▶ [REQUIRED WORK]: Your response should consist of the entire listing, transcribed exactly, with every image left out.

▶ [DATASET EXTRACT]:
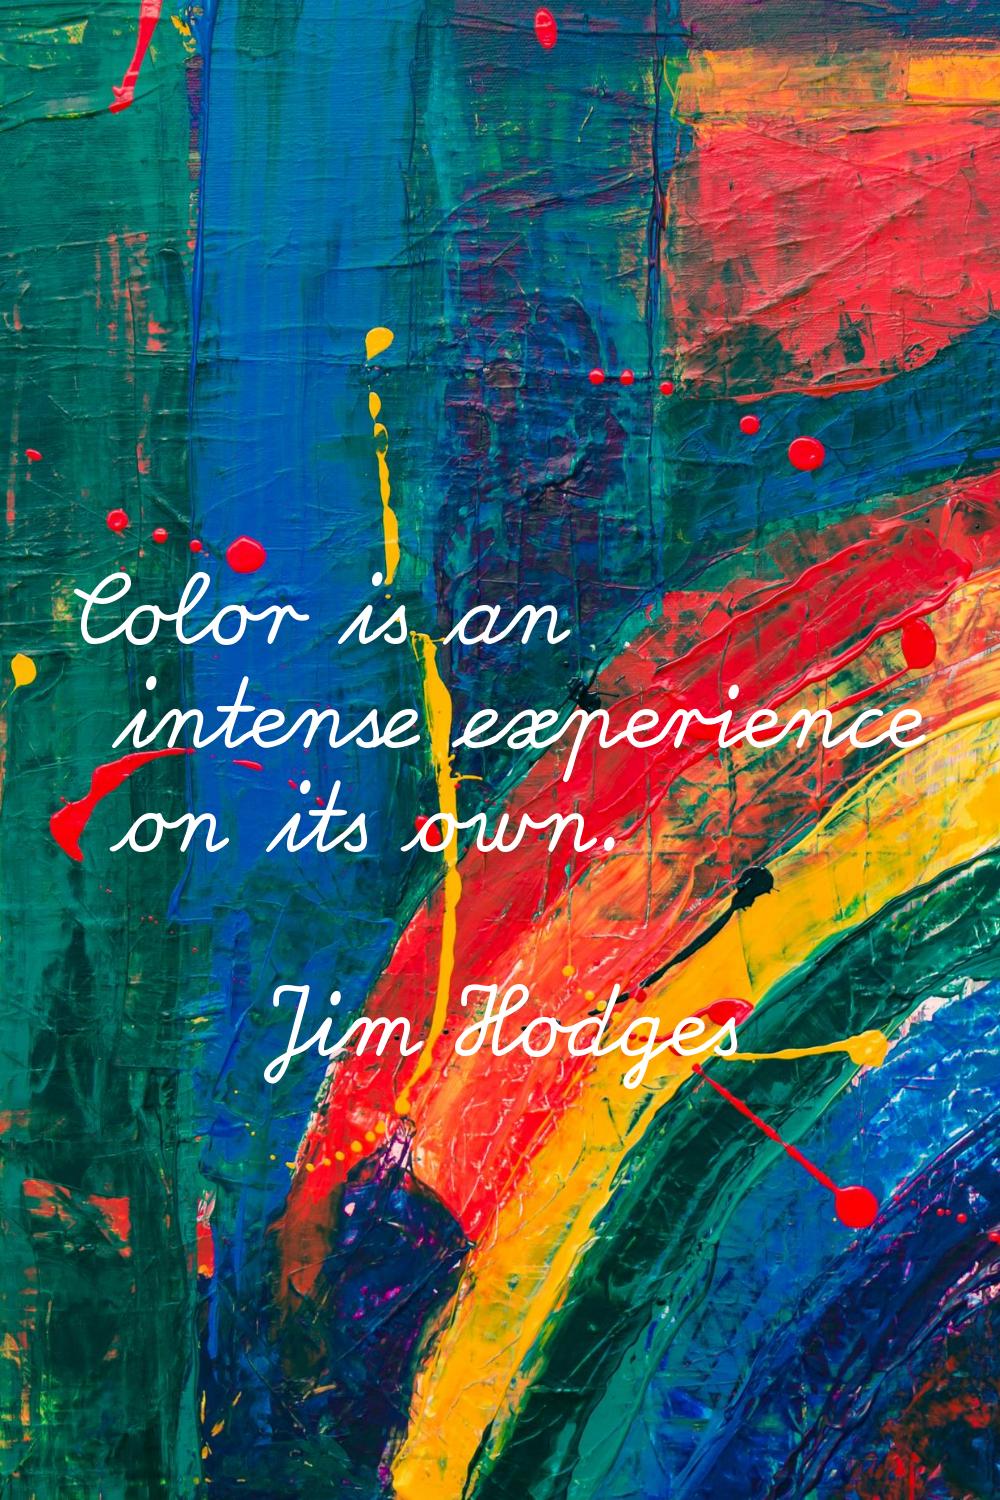 Color is an intense experience on its own.
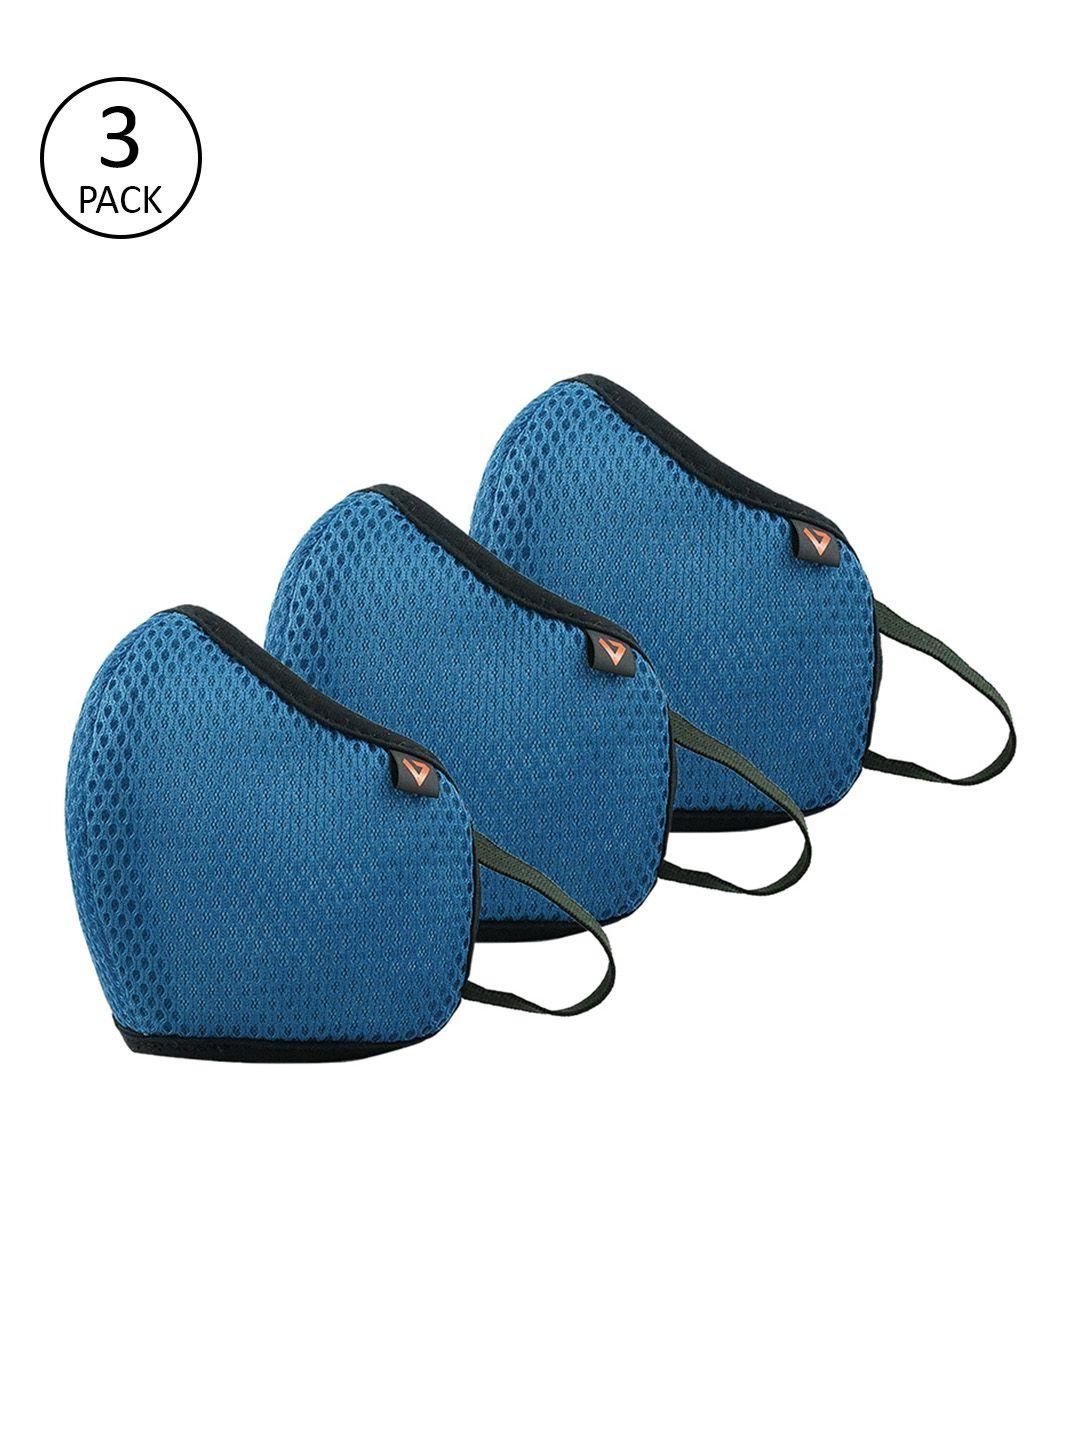 the-vertical-unisex-pack-of-3-pcs-blue-reusable-5-ply-protective-outdoor-masks
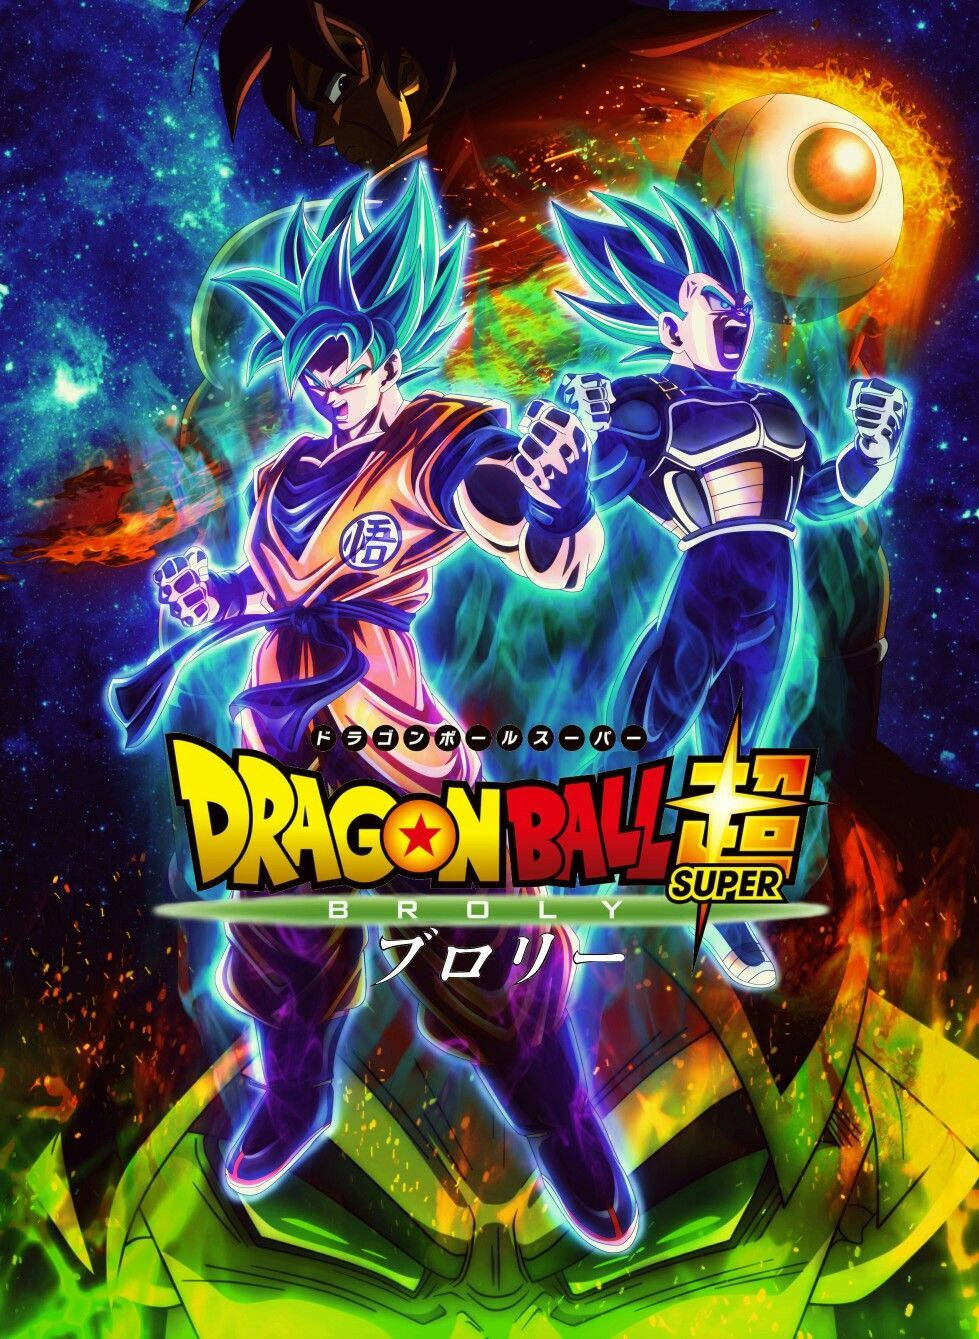 "Goku and Broly face off in the epic battle of Dragon Ball Super: Broly!" Wallpaper

▶ [WRITTEN SOLUTION]:
 Color is an intense experience on its own.
 the-vertical-unisex-pack-of-3-pcs-blue-reusable-5-ply-protective-outdoor-masks
 "Goku and Broly face off in the epic battle of Dragon Ball Super: Broly!" Wallpaper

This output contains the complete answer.